With this in mind, consider a final possible scenario: our posthuman descendants decide to run simulations with relatively small populations in a serial fashion, that is, one at a time. These simulations could be sped up a million times to enable complete recapitulations of our evolutionary history (as per Bostrom). The result is that at any given timeslice the total number of non-sims will far exceed the total number of sims—yet across time the total number of sims will accumulate and eventually far exceed the total number of non-sims. The result is that if one takes a bird’s-eye view of our posthuman civilization from its inception to its decline (say, because of the entropy death of the cosmos), and if one were asked whether she is more likely to have existed in vivo or in machina, it appears that she should answer “I was a sim.”

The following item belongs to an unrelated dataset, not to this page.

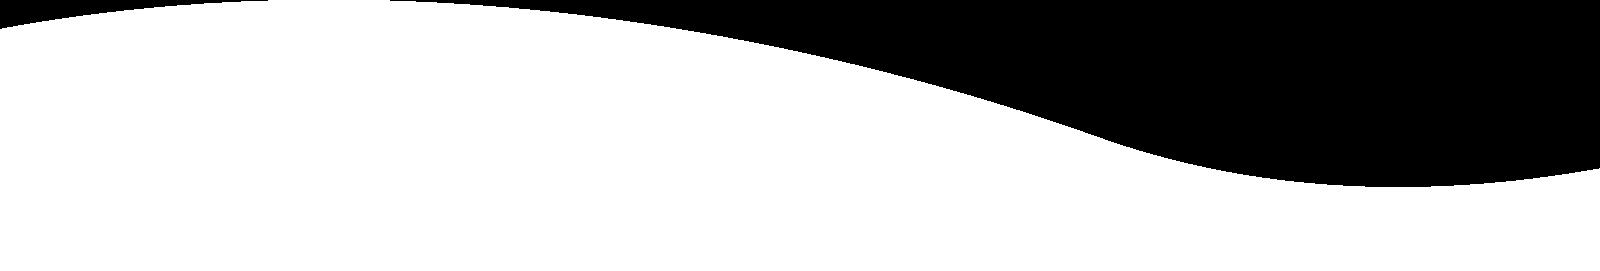 Princing background image

But this might not be the right way to reason about the situation. Consider that history is nothing more than a series of timeslices, one after the other. Since the ratio of non-sims to sims favors the former at every possible timeslice, one might argue that one should always answer the question, “Are you right now more likely to exist in vivo or in machina?” with “I probably exist in vivo.” Again, the difficulty that skeptics of this answer must overcome is the ostensible fact that if everyone were to bet on being simulated at any given timeslice—even billions of years after the first serial simulation is run—then nearly everyone would lose, whereas if everyone were to bet that they are a non-sim, then almost everyone would win.
The tension here emerges from the difference between timeslice reasoning and the sort of “atemporal” reasoning that Bostrom employs. If the former is epistemically robust, then Bostrom’s tripartite argument fails because none of the disjuncts are true. This is because the scenario above entails (a) we survive to reach technological maturity, and (b) we run a large number of ancestor simulations, yet (c) we do not have reason to believe that we are in a simulation at any particular moment. The latter proposition depends, of course, upon how we run the simulations (serially versus in parallel) and, relatedly, how we decide to reason about our metaphysical status at each moment in time.
In conclusion, I am unsure about whether this constitutes a refutation of Bostrom or merely complicates the picture. At the very least, I believe it does the latter, requiring more work on the topic.
Bostrom, Nick. 2003. Are You Living in a Computer Simulation? Philosophical Quarterly. 53(211): 243-255.